Last Tuesday, my professor invited a student to our class to talk about the writing and editing services our college provides. My professor urged us all to employ these services; better grammar and better structure would improve the persuasive properties of our papers. Thus, when my professor later asked us to comment on the book we had all just finished, I thought a critique of its (deplorable) grammar was appropriate. I simply told the class that I found the bad grammar so distracting that it was often difficult for me to find the argument; moreover, I felt that a woman writing on feminism should be particularly careful to employ the conventions of Standard English, as many men consider women inherently intellectually inferior to men, and the use of poor grammar would just validate this belief, thereby undermining the entire feminist movement. My professor: The author is just trying to have a conversation with you. She's trying to appeal to women by being conversational. When I suggested that the book was in no way written in the vernacular (the vocabulary used was much too elevated for the average person to understand), and that the grammar was simply poor, I was called an elitist. "Why does the author have to write a certain way to be considered intelligent?" asked a girl in my class. "My grandma is illiterate—does this mean she is too stupid too write a book?"
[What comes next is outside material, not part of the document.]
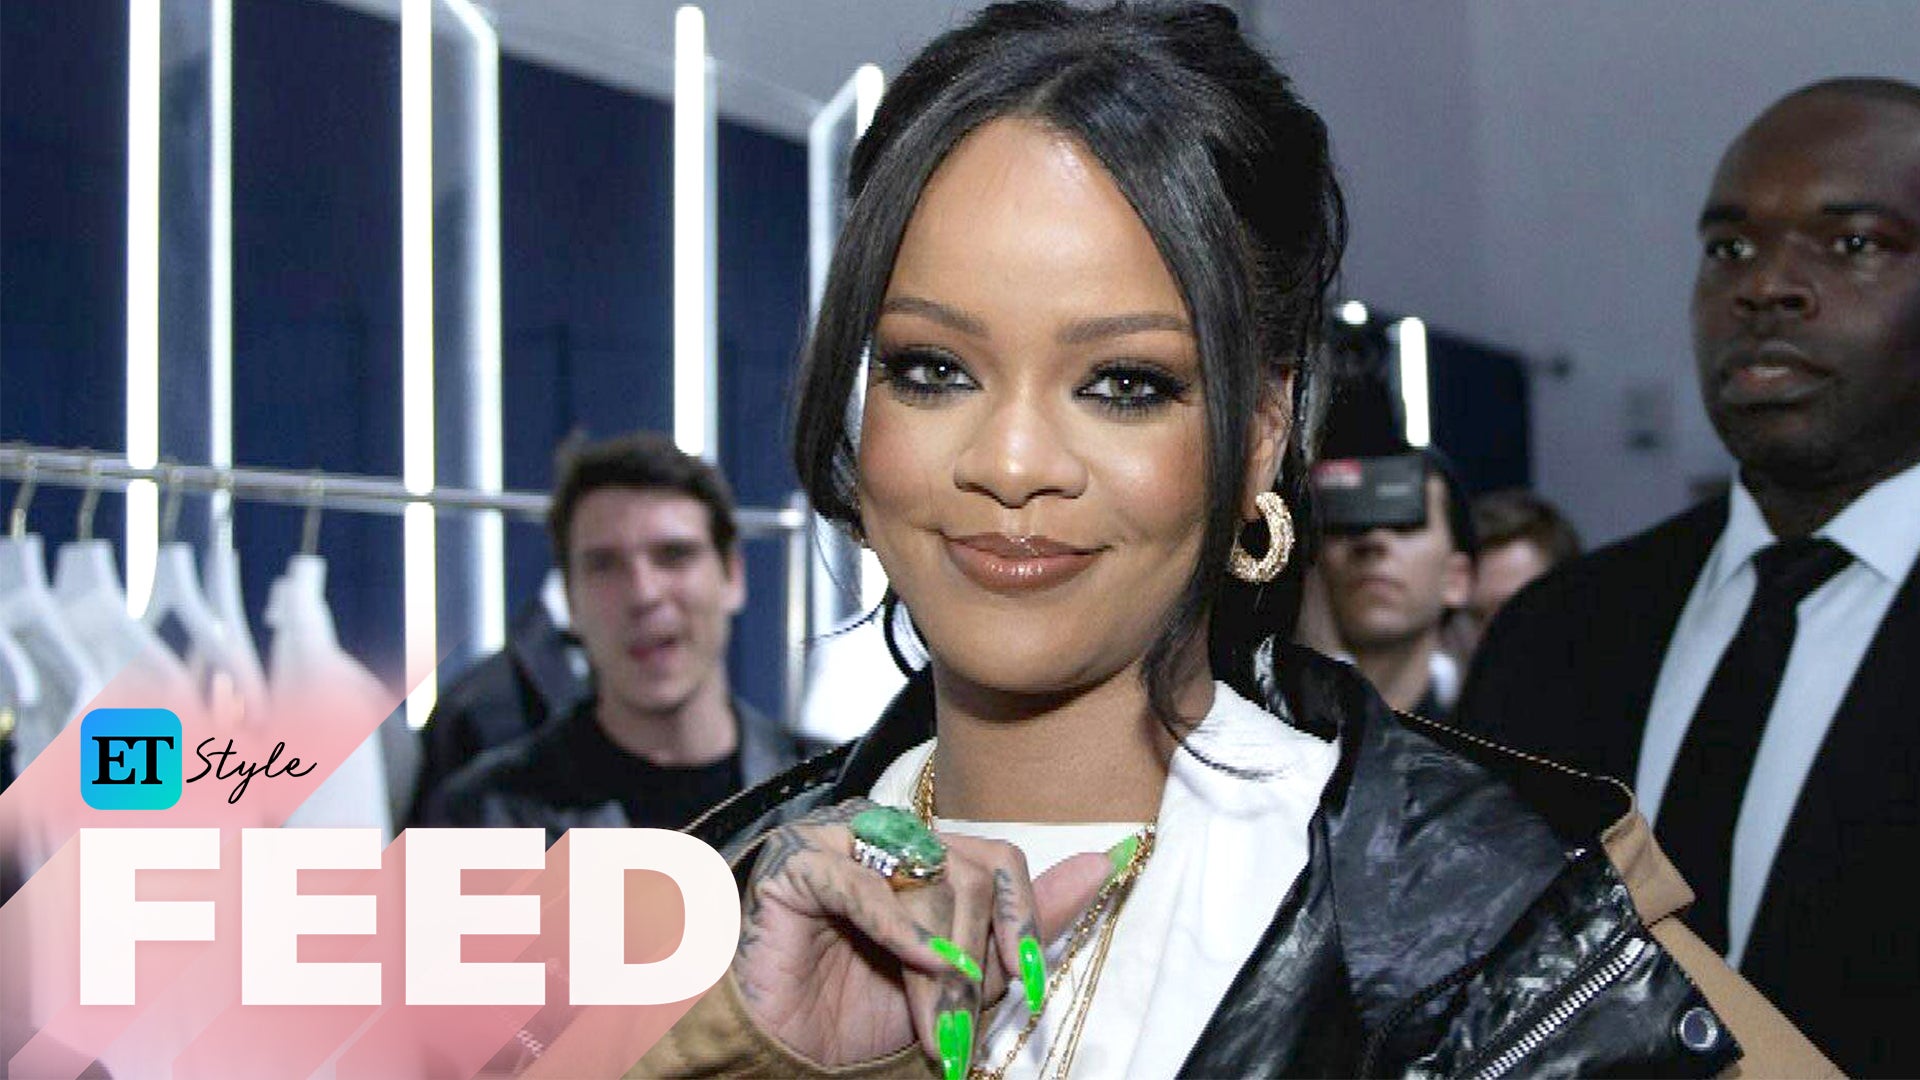 Could a New Rihanna Fashion Line Change Fashion Forever?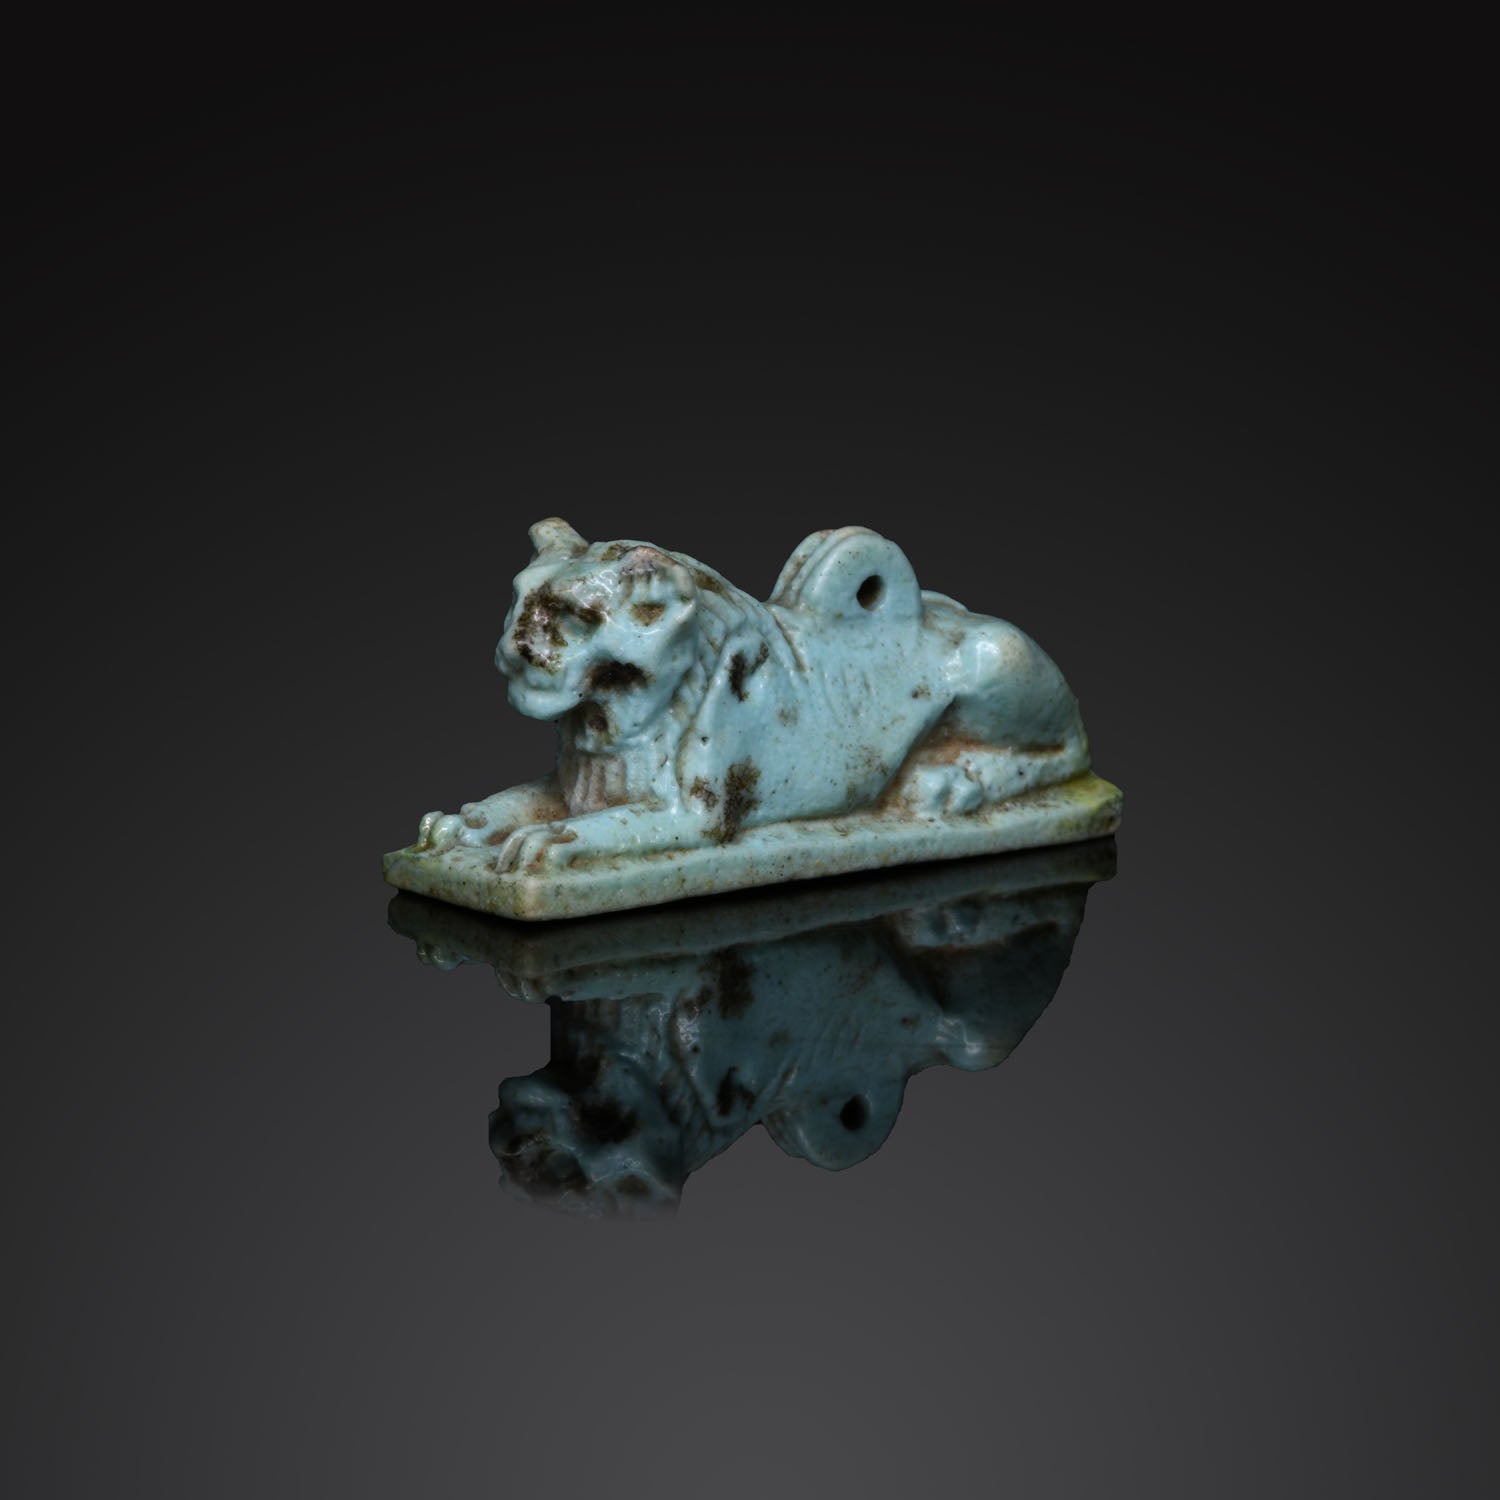 An Egyptian Faience Amulet of a Recumbent Lion, Ptolemaic Period, ca. 332 - 30 BCE

Honestly, I do not know how one is supposed to reply to such a question, so I simply persisted in my stalwart, Oscar Wildean fashion: "There is good grammar, and there is bad grammar, and that is all." Whereupon, fifteen shrill voices rose in a cacophony of "classist," "supremacist," and "patriarchal." "By not recognizing alternative forms of writing," insisted my professor, "you are just reinforcing the patriarchal academic structure." Other members of my class called my grammar both "patriarchal" and "oppressive."

I feel that there is a certain ludicrousness to these charges; first of all—do my fellow classmates attend an Ivy League college because they are not elitist? Did not my professor obtain her PhD from the same "patriarchal academic structure" that she so laments? If my professor and my peers spent their lives handing out brochures protesting the evils of patriarchal society in the streets, perhaps I could respect their arguments. But instead, they are all here, in a cozy New England town, with manicured fingers and neatly accessorized outfits, going on tearfully about the oppression I sincerely doubt that any one of them has ever experienced.

After being demonized for two hours in class, I went online to look at the writings of both my professor and my peers. And guess what? Not a single one could compose a sentence in anything resembling proper English. Not a single one.

So you know what, feminists? Fuck you. Fuck you and your pseudo-liberal world philosophies and poor sentence structure. Because you know what? I heart patriarchal grammar.

Damn, I wish I were a man.


~Get Back in the Kitchen!



Woman, Bring Me A Beer! says: My computer's grammar check is offended by this post. It believes "housewife" is too gender specific and should be replaced with "homemaker". Even the computers are calling you elitist.